# Installation issue!



## phil (Feb 9, 2006)

Trying to install Suse 10, install the initial setup and first CD. It then reboots, automatically selects boot from hard drive and freezes. Not sure where to go from here, its meant to install over 5 disks. How do i get to disk 2. Hope this makes sense.


----------



## Dippyskoodlez (Feb 9, 2006)

phil said:
			
		

> Trying to install Suse 10, install the initial setup and first CD. It then reboots, automatically selects boot from hard drive and freezes. Not sure where to go from here, its meant to install over 5 disks. How do i get to disk 2. Hope this makes sense.

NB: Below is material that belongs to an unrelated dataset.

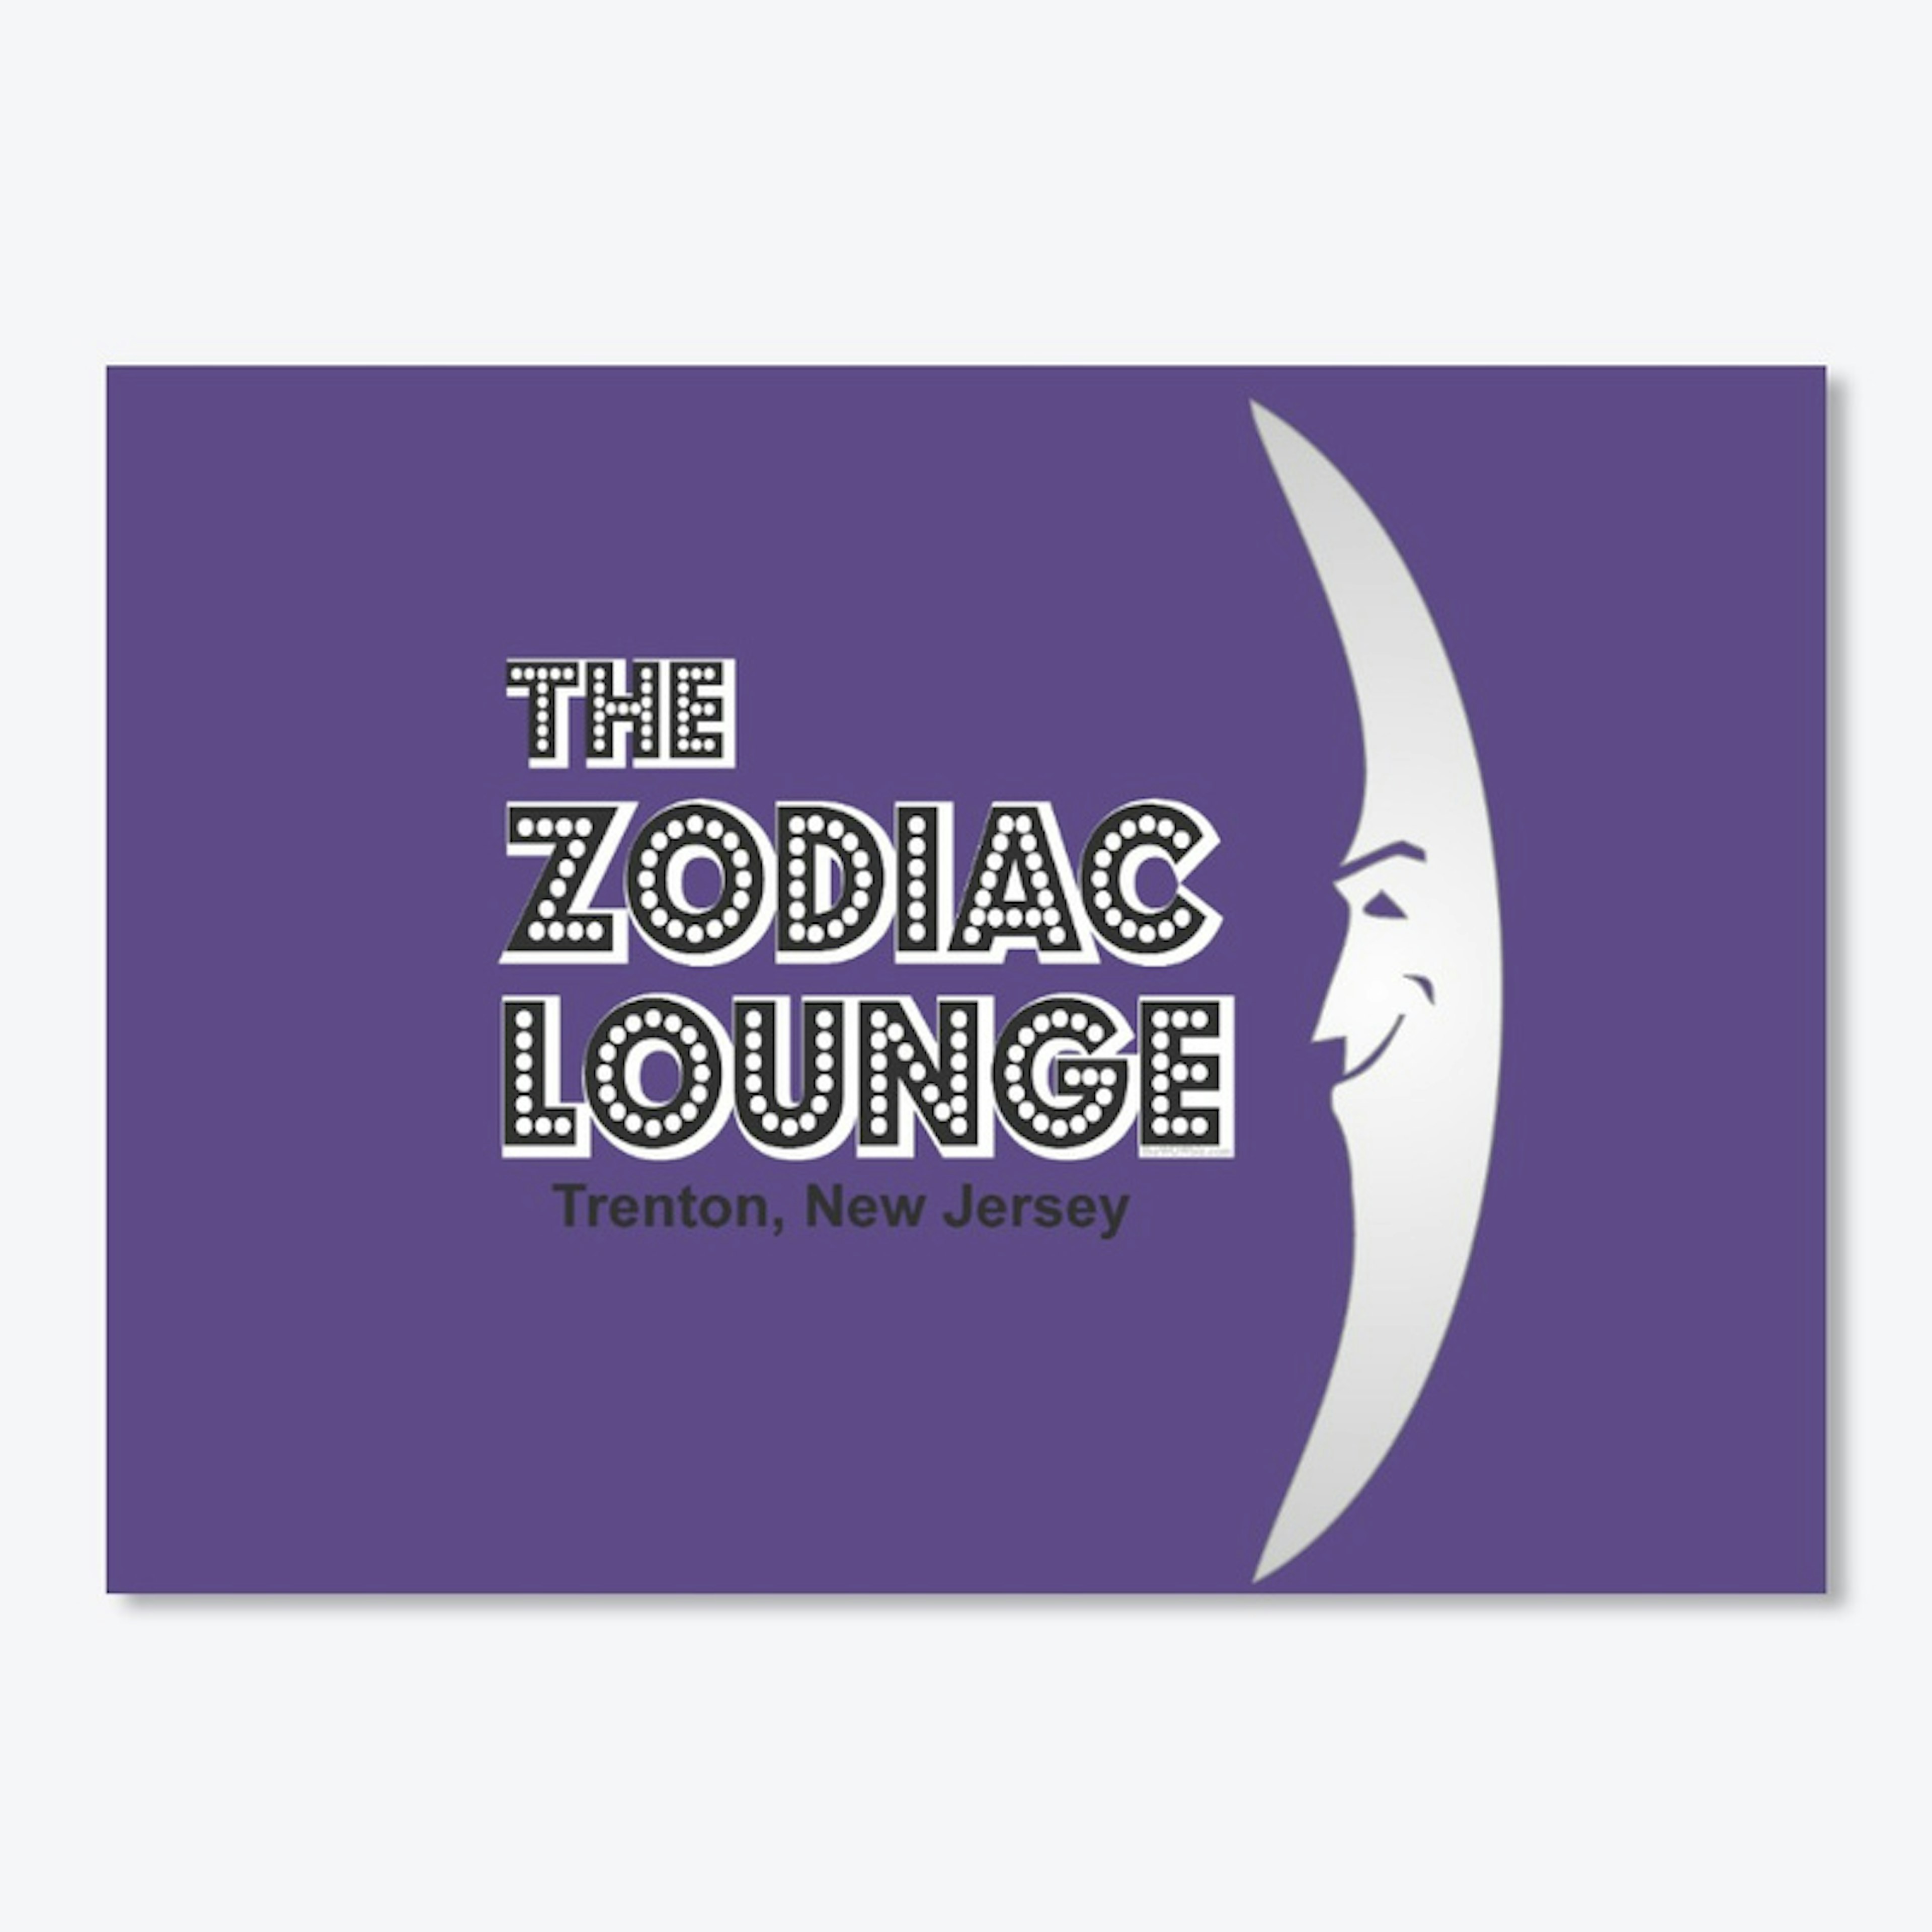 ZodiacLounge

Have you checked any HCL's and see if your hardware is compatable? where does it freeze at? specs? are you overclocked?


----------



## Solaris17 (Feb 9, 2006)

you could try booting from cd again and installing again it may have currupted a file also if your over clocked go back to the original settings.


----------



## phil (Feb 10, 2006)

Tried installing again, it instals initial set up from cd 1 fine. It reboots, gets to the screen where it checks out your hardware etc and then it crash's. I checked all my hardware and it should be fine, only thing i may have trouble with is the grapic card. I can use the live version no trouble.


----------



## Dippyskoodlez (Feb 10, 2006)

MD5 the cd?


----------



## Solaris17 (Feb 10, 2006)

ya i agree with dippy this sounds like a currupt down load.


----------